You may see the rouge on the cheek and the freckle on the nose,
but as far as life and experience and heart are concerned, most of
the new poetry is pitiably young and callous. Meticulous recording of
disconnected and unrelated novelties is no adequate substitute for
the warmth and depth of life crystallized by the ardent gaze of the
true poet out of his experience. New poetry is contemporaneous
with the invention and use of the Kodak and has all the responsibility
and profundity of that instrument.
Individualism has come to such a pass in modern art that
everything in it is resolving itself into pure emotionalism, and that an
emotionalism which does not belong to art at all. Degenerates are
the products of civilization; they are decayed exotics. “The higher
the organism, the more noisome the decay,” a science professor
used to say when paying his respects to diseased metaphysics. As
only a believer can blaspheme luridly, so when an artist goes wrong,
he goes wrong hideously. A pistol in the hands of a marksman gone
mad is more destructive than in the hands of a savage. Colors,
sounds, shapes, fair words and gorgeous imaginings are instruments
of degradation and death if they are a finer veneer over what is
false. Individual vagaries and whims, no matter how unusual, will
not have the permanence of art because they are based on no
principles, but devised simply to startle. Degrade the appeal of
beauty to a spinal thrill and your artist will pander to concupiscence.

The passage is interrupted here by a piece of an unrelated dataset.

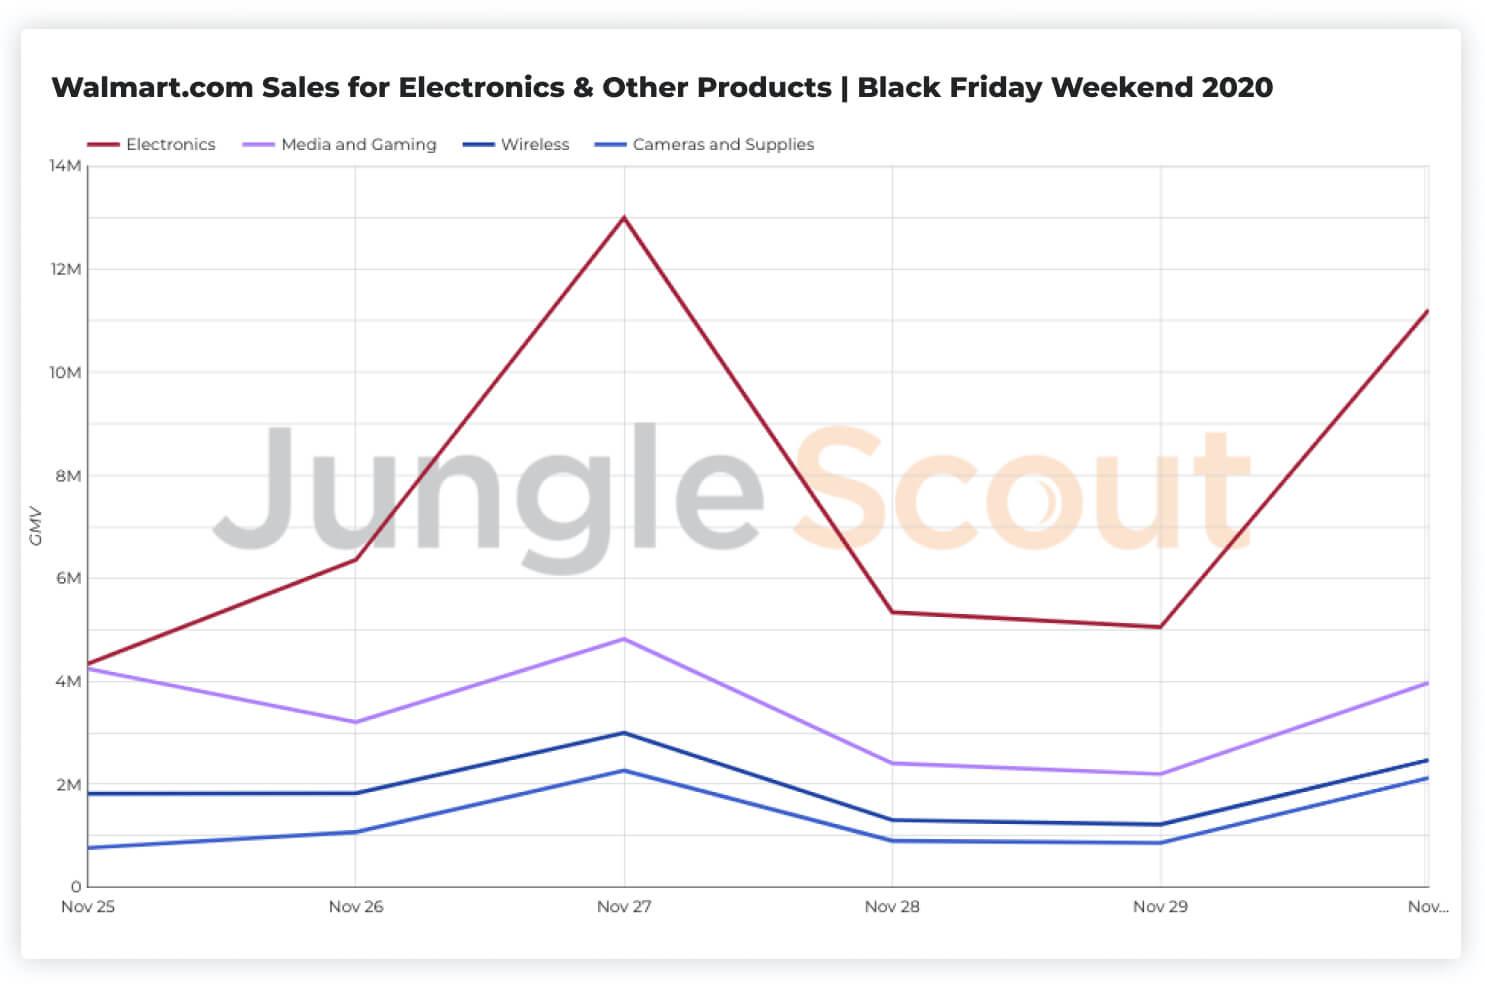 Walmart's electronics sales

It is noteworthy that Homer’s worst lapse in story-telling takes
place among the luxurious Phæacians, ancient prototypes of
degeneracy. Homer may have felt justified artistically because he
was depicting the non-Grecian world through whose monsters and
marvels Odysseus was passing and making the first collection of
sailors’ yarns. But Homer shocked even the pagan world and set an
unhappy precedent. Lucian and Ovid, Petronius and Apuleius and the
Byzantine eroticists made what was incidental in Homer their chief
concern and practice. They perverted fiction into calculated
suggestiveness.
That depraved and sensual theory of story-telling was, however,
more Aristophanic than Homeric, despite the single unfortunate
precedent in the Odyssey. The tradition of Greek and Latin comedy
was carried on by the medieval troubadours and by the story-tellers
who catered to the decadent nobility of Italy and France. They
retorted on their clerical censors and stimulated jaded appetites,
substituting in shameless intrigues priests and nuns for the pagan
gods. It was and is the glory of Scott that he broke away from these
evil traditions which made the novel a hateful thing to our
forefathers. Scott deserted the continental school of novelists and
their English imitators, Fielding, Sterne, Smollett, the last of all
Byron. Scott gave up the satirical purposes which handed on in
fiction the vulgar devices of low comedy. He went to history, to
chivalry, to healthy men and women and created romances, not
pathological studies. English, Irish and American fiction for a whole
century yielded to the healthy and bracing impulse of Scott, but the
younger novelists in vogue today in England, Ireland and America
have gone back to the continental type, individual, pathological
biographical problems, forsaking Scott’s revival through balladry of
the best Homeric manner, where men “drank delight of battle with
their peers far on the ringing plains of Troy.”
The individualist must emancipate himself by the contemplation of
nature. Pathological specimens, freakish oddities, all the surface
impressions of the local colorists are not nature any more than a
face contorted with a toothache is a man’s likeness. Such exceptional
exhibitions cannot form the enduring basis of art. Personal
experience must be widened by length of time, by merging into the
stream of wisdom, flowing freighted from the past, or must, in
exceptional cases, be won quickly by that intense and probing
comprehension of genius, which seems almost Divine intuition.
Excessive individualism, like the latest fashion, will be quaint and
incongruous on the morrow. Homer lives eternal because through
strange names and strange language and strange costumes we see
our own sun and fields and ocean and sky and put our fingers on a
pulse which registers the beat of a heart throbbing as ours.